» **TASK OBJECTIVE**
Print only the lines running from the line with "Mermaid Evening Gown" to the final line below, both included, exactly as written and without the pictures.
::: DATA SEGMENT :::
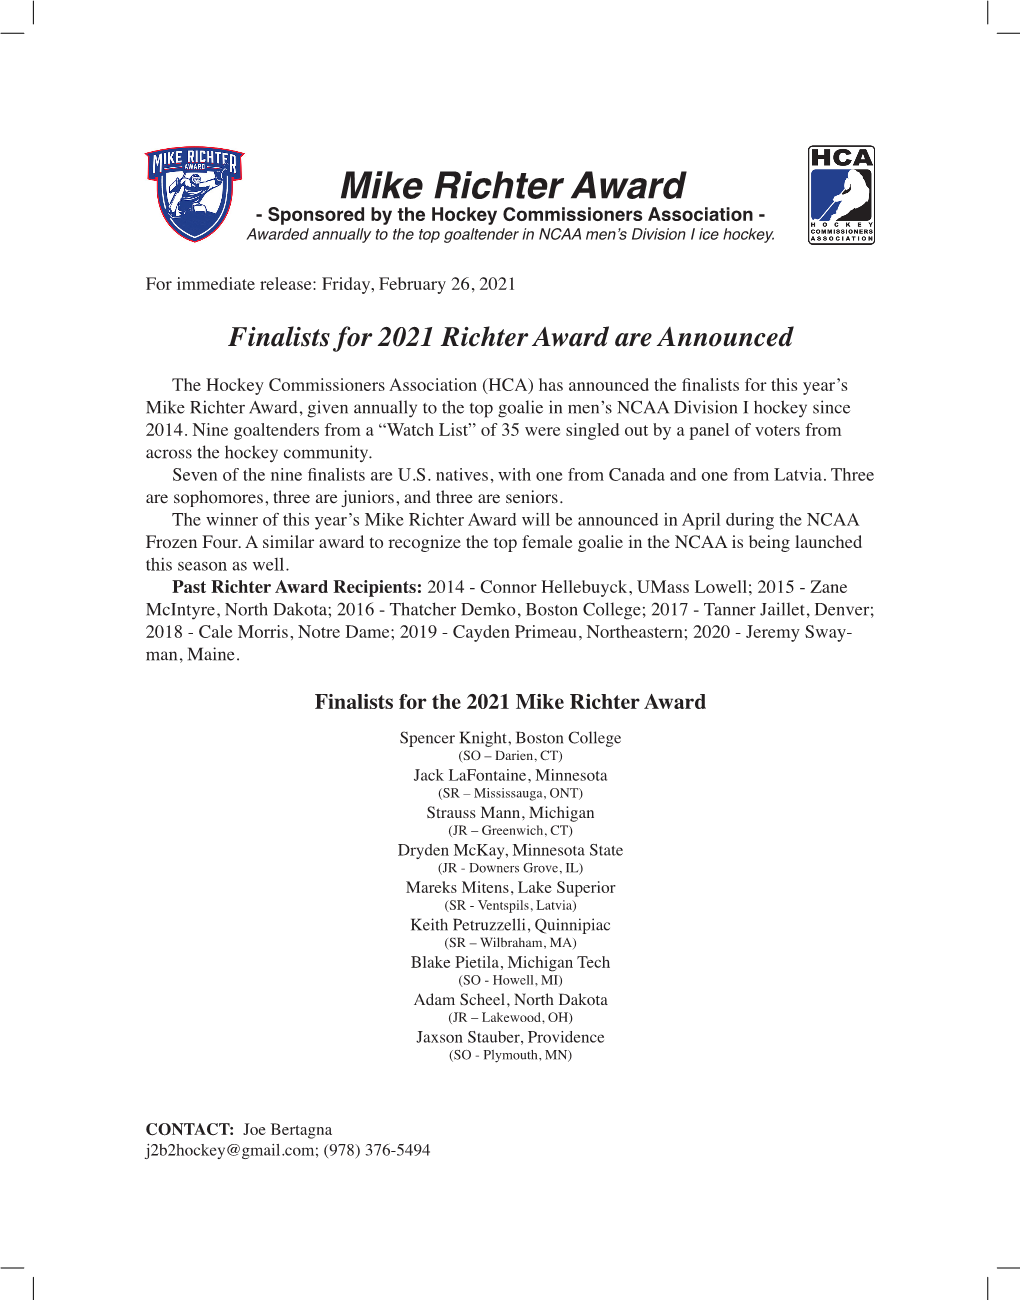 Mike Richter Award - Sponsored by the Hockey Commissioners Association - Awarded Annually to the Top Goaltender in NCAA Men’S Division I Ice Hockey
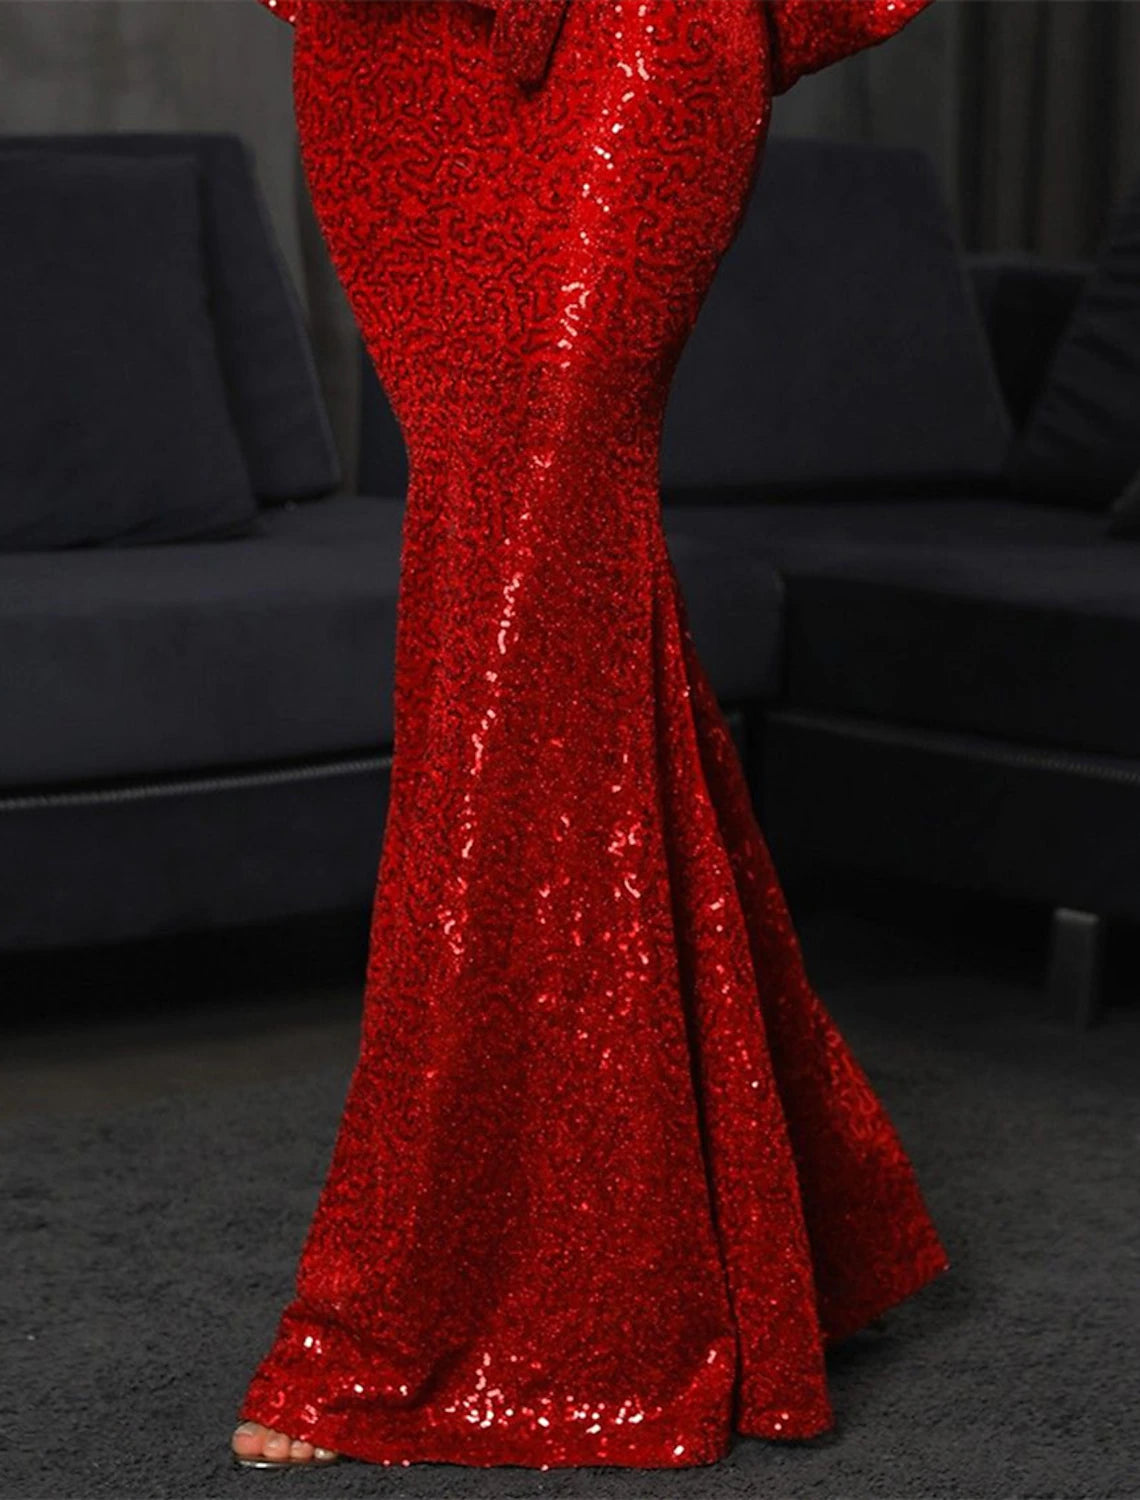 Mermaid Evening Gown Sparkle Christmas Red Green Dress Dress Formal Wedding Guest Floor Length Long Sleeve V Neck Fall Wedding Reception Sequined with Bow(s) Sequin
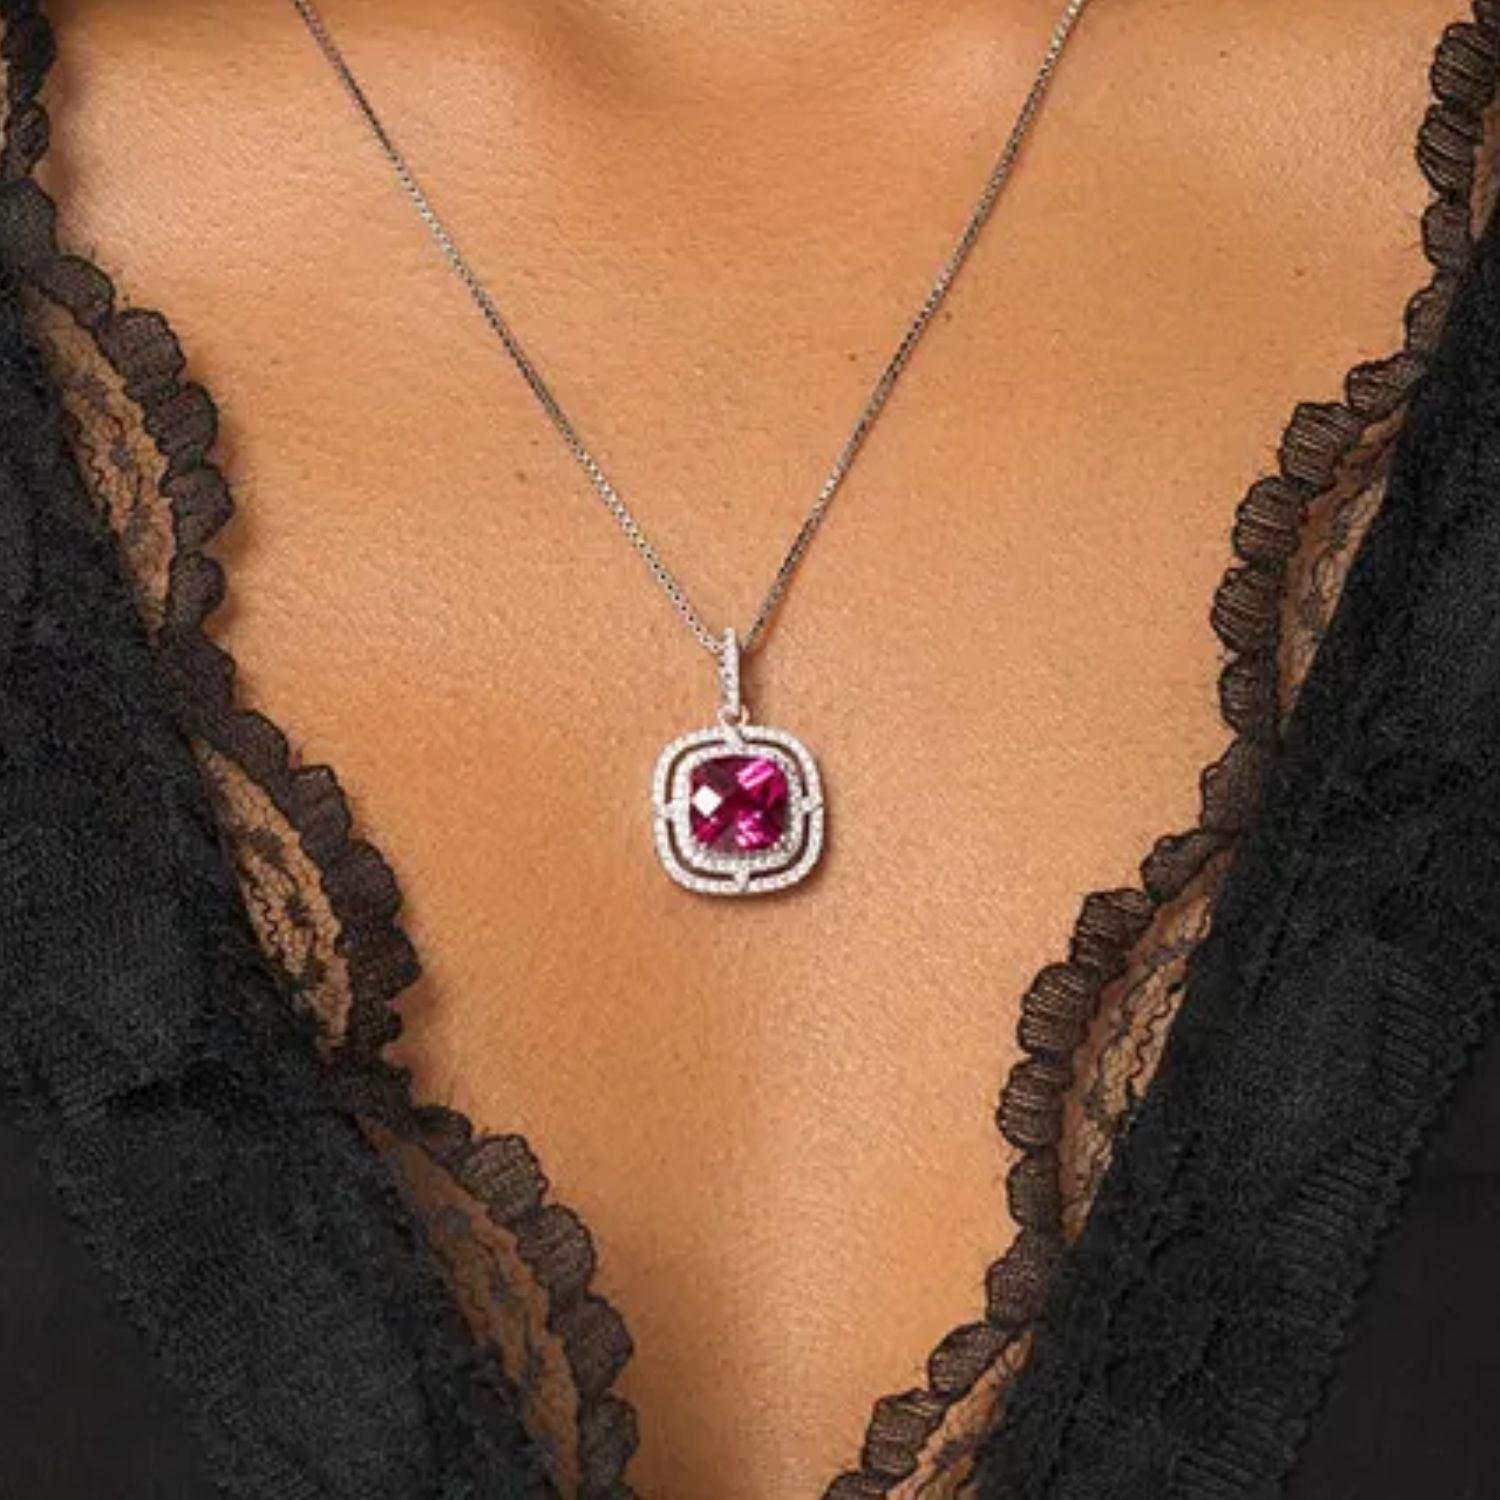 Ruby Cushion Cut Artistic Pendant Necklace in Sterling Silver
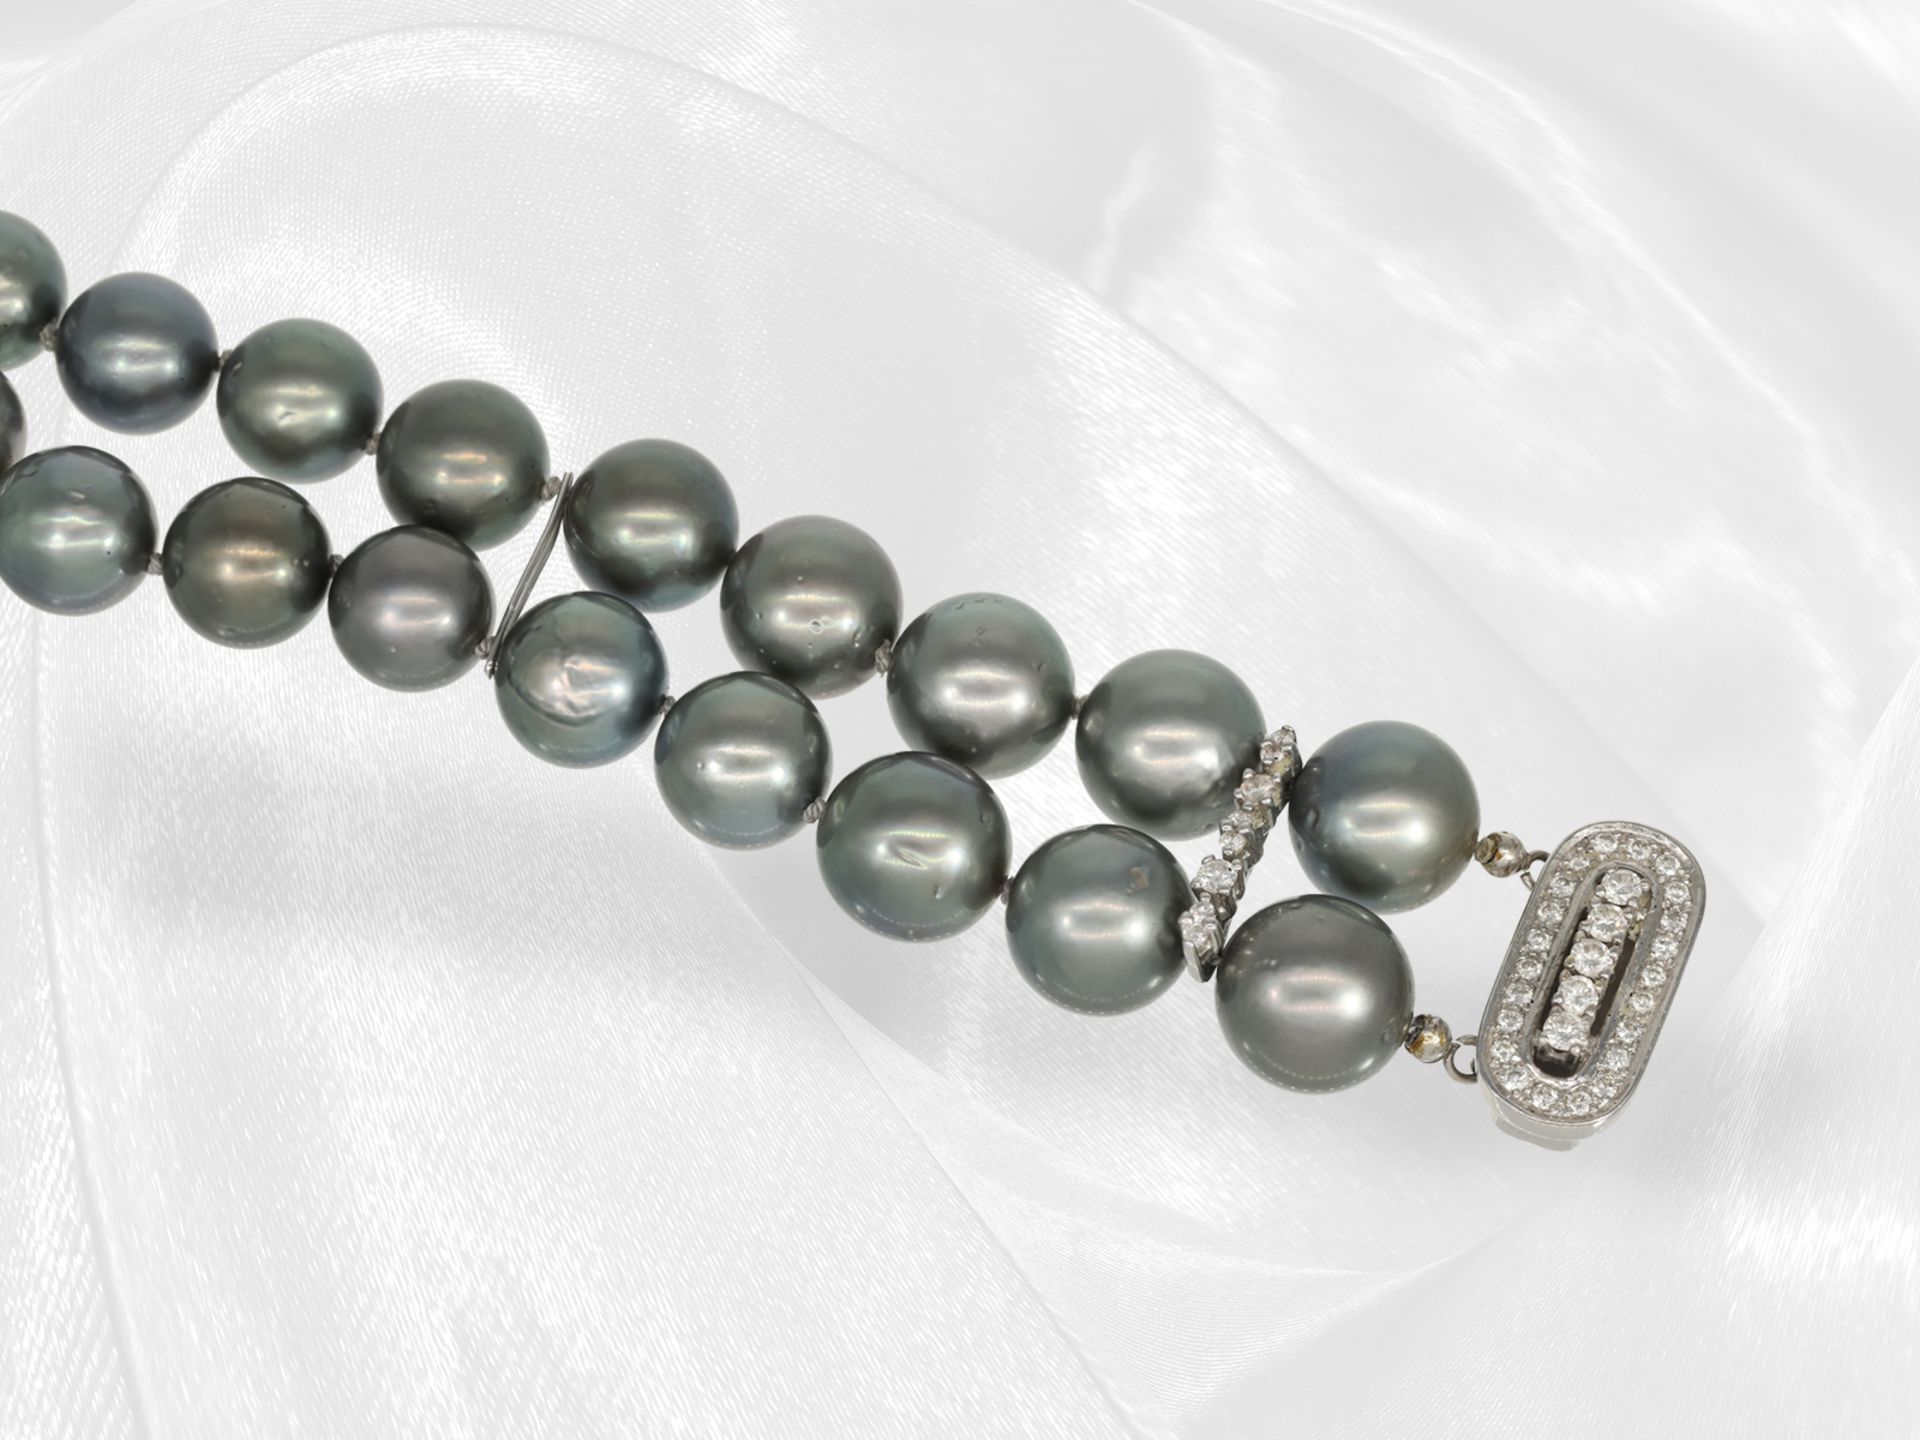 Very decorative double row Tahiti cultured pearl bracelet, 14K white gold clasp set with brilliant-c - Image 4 of 6
:::
» **RESPONSE TO THE TASK**
 Mermaid Evening Gown Sparkle Christmas Red Green Dress Dress Formal Wedding Guest Floor Length Long Sleeve V Neck Fall Wedding Reception Sequined with Bow(s) Sequin
 Ruby Cushion Cut Artistic Pendant Necklace in Sterling Silver
 Very decorative double row Tahiti cultured pearl bracelet, 14K white gold clasp set with brilliant-c - Image 4 of 6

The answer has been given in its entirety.